AsmodeusImperium Damnatum>> Mehr Material zur Band

01. Enthronement of the sovereign
02. Decretum executionis
03. Servitus in aeternitatem
04. Inciting the rebellion
05. On the inflamatory march
06. Thorns
07. Sator discordiae
08. Withering vengeance
09. A blaze at dawn
Als ich die Promo-CD “Imperium damnatum” von Asmodeus in Händen hielt, fiel mir zuerst das Cover Artwork auf. Düstere Atmosphäre, vermittelt durch eine Zeichnung einer Phantasie-Schlachtszene mit einem Axt schwingenden Tiermenschen, der sich durch die Reihen der Feinde schlägt. Gestaltet wurde es von Juanjo Castellano (www.juanjocastellano.zoom), der auch für viele andere Bands das Cover-Design übernommen hat.

Die österreichischen Schwarz-Metaller Asmodeus wurden im Jahre 1999 von Tyr (Gitarre), Desdemon (Bass/Vocals), Lestat (Gitarre/zus. Vocals) und Ashram (Drums) gegründet. Schon im selben Jahr spielten sie live in Graz, ihrer Heimatstadt. Damals noch als Support für Third Moon aus Linz, ein Jahr darauf schon vor Satyricon, Behemoth und Hecate Enthroned. Nach einigen internen Auswechslungen sind Tyr und Desdemon nun mit dem Neuzugang Malthus an den Drums unterwegs.
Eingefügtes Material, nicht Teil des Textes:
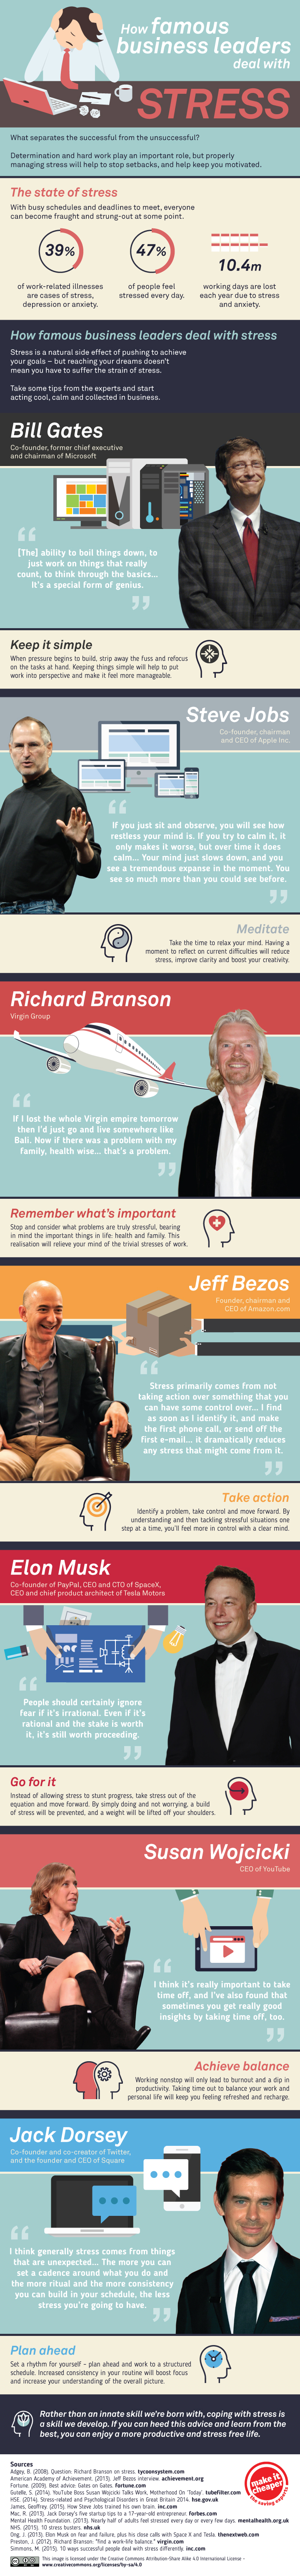 stress infographic

Mit „Imperium damnatum“, dem zweiten regulären Album (vorher gab es noch drei Demos), melden sie sich imposant zu Wort und Ton. Auf der Platte befinden sich insgesamt neun Stücke und schon beim ersten Track, „Enthronement of the sovereign“ zeigt Malthus, welche Geschwindigkeit er für den Rest der Platte vorgeben wird. Alles geht hier druckvoll ans Werk und passt perfekt zusammen: Die Melodien, die vereinzelt eingestreut werden, Doublebass-Attacken und Desdemon’s starkes Growlen klingen in manchen Parts tatsächlich ein wenig nach Immortal. „Decretum executionis”, das zweite Stück, beginnt auch direkt wie der Soundtrack zu einer Exekution, brutal scheppern die Drums und vermitteln mit dem herrlich dumpfen Growlen des Sängers perfekt das nahende Ende durch die beschlossene Exekution. „Servitus in aeternitatem”, übersetzt wohl in etwa „in ewiger Sklaverei“ (hoffe, dass das hinkommt, mein Lateinlehrer würde mich wahrscheinlich auslachen…), klingt noch eine Ecke fieser als die vorigen Songs und überzeugt mit guten Hochgeschwindigkeitsparts. Die Nummer vier, „Inciting the rebellion”, hetzt im wahrsten Sinne des Wortes. Insgesamt ein bisschen weniger Gesang, aber dafür ein feines Klanggewitter aus Doublebass und Gitarren, die wellenweise die Aggression schaffen, die zum Titel passen. „On the inflammatory march” passt ins Gesamtbild, auch wenn es keine großen Besonderheiten hat. Gefällt aber trotzdem, nicht aufdringlich zumindest. „Thorns” erinnert mich stark an Sear Bliss aus Ungarn, nur ohne Blasinstrumente, aber definitiv ein klasse Track. Anfangs brutal und gegen Ende ein melodischer Ausklang, gefällt. Die Sieben, „Sator Discordiae”, Säer der Zwietracht, bietet etwas wirre Melodien und will einem nicht mehr aus dem Kopf. Macht aber nix, im Gegenteil: Da der Track überzeugt, hinterlässt er keinen fiesen Nachgeschmack wie bei den MTVIVA Klingelton-Ohrwürmern. „Withering vengeance” beginnt mit einem Stimmungsvollen Intro, eingeleitet von einer akustischen Gitarre und begleitet von Regen und Donnergrollen. Nach 1:30 Minuten beginnt dann der eigentliche Track, roh und düster, diesmal mit sauberer, nicht scheppernder Gitarre. Wie er begonnen hat, so endet der Track, nämlich mit der Akustischen und einem Unwetter. „A blaze at dawn” ist das Outro, wie schon beim Track vorher die Akustische und ein Unwetter.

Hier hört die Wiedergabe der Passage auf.